The article I read (didn't read this link as I read it previously elsewhere) said that several shots hit the guy and one hit her. Now I don't know which shot hit her, I would hope it was one of the first. Otherwise I would question this officer putting several more shots into the equation.

The simple fact is that the officer was in a horrible situation. And he did what he could. If he had been killed, the guy holding the girl hostage would likely have killed her and the other two since police were involved. I feel bad for the girl's family and friends. I also feel bad for this cop, who has to deal with shooting an innocent girl in the line of duty. Though obviously I highly doubt it was his intention.

My thoughts are with all the victims of this horrible situation. Please if you hear see any follow up pieces on this do post them. I am interested and would hate to miss the news report on it.


----------



## jks9199 (May 20, 2013)

There's probably no way to tell which round in the sequence was the one that hit the girl.  For some ideas about the dynamics of a shooting, and how you can get some really suspicious looking stuff, see some of the Demos by the Force Science Institute.  It's also not at all uncommon, despite all the training about assessing each shot, for police officers to fire several rounds during an encounter -- and even only remember one or two.  Auditory exclusion, tunnel vision, time distortion, and other effects of adrenal stress can blur the officer's perceptions that badly...


----------



## K-man (May 20, 2013)

Sad for the officer but he shouldn't have been in the situation.
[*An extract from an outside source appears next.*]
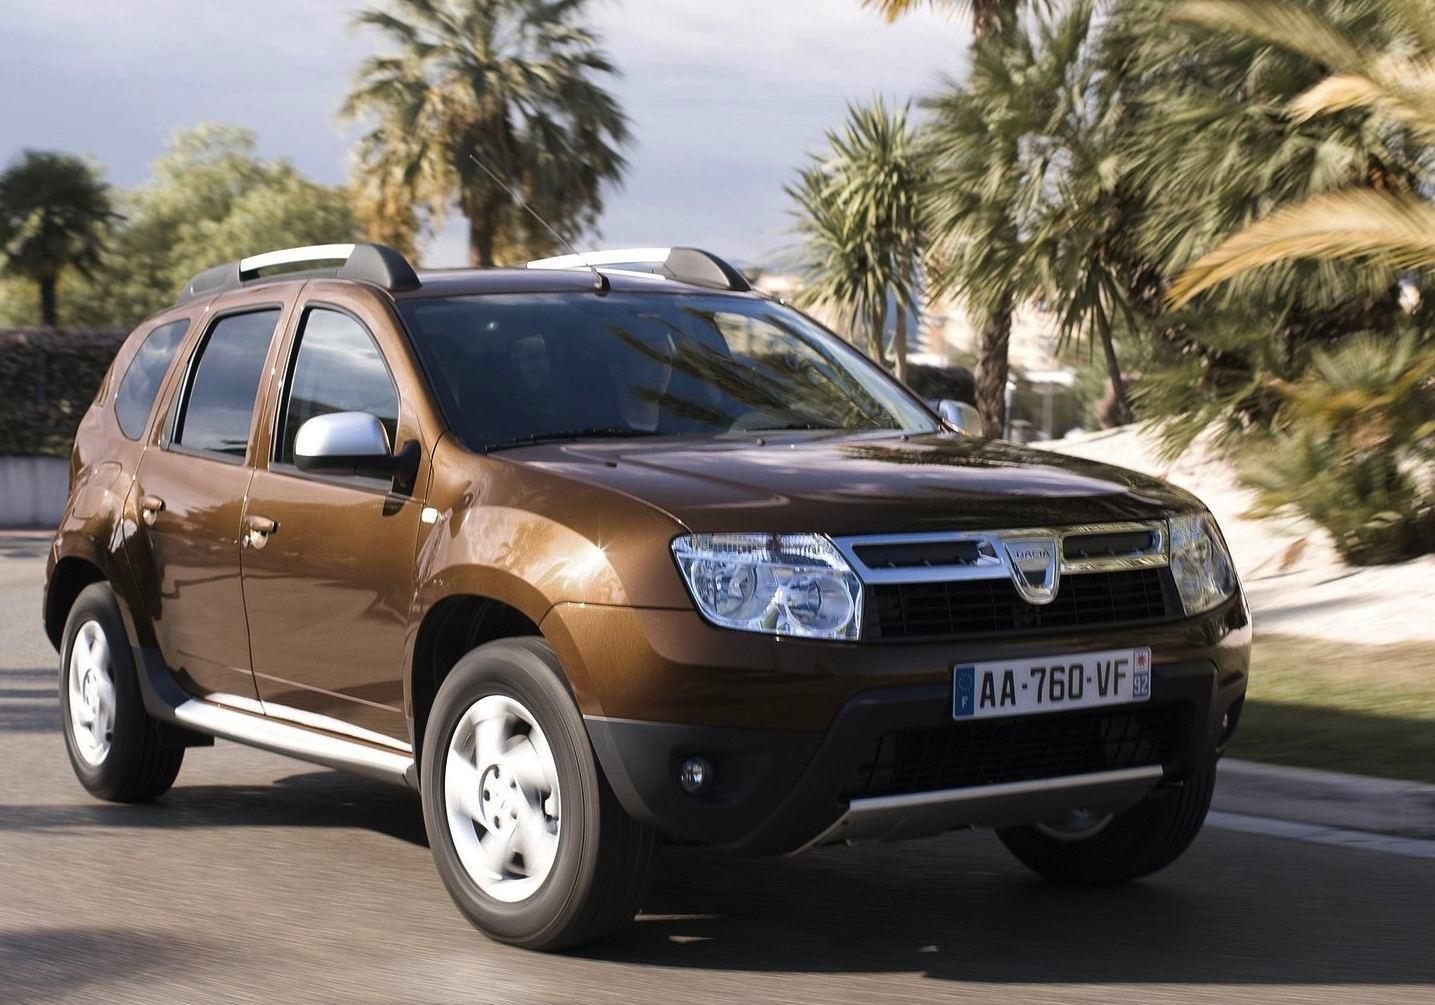 algeria february 2011 symbol 1 duster in top 10 best selling cars blog. Black Bedroom Furniture Sets. Home Design Ideas

> Police responding to a known hostage situation are required to call for backup, a Nassau law-enforcement source said yesterday.
> 
> 
> &#8220;And under no circumstances should they go through that front door,&#8221; the source said.
> ...



I have a mate who has investigated police using firearms and it is common for multiple shots to be way off target when the person is under that sort of stress. The innocent girl is dead because an officer didn't follow procedure.


----------



## MJS (May 20, 2013)

I'm sure there're things that we still don't know, however, upon first read, it would seem that once they realized that there was a hostage, that a perimeter would be set up around the home, a negotiator would be called, as well as a SWAT team.  Now, perhaps this was done, but as I said, upon reading this, it seems to be that it was not, unless the article just doesnt mention it.  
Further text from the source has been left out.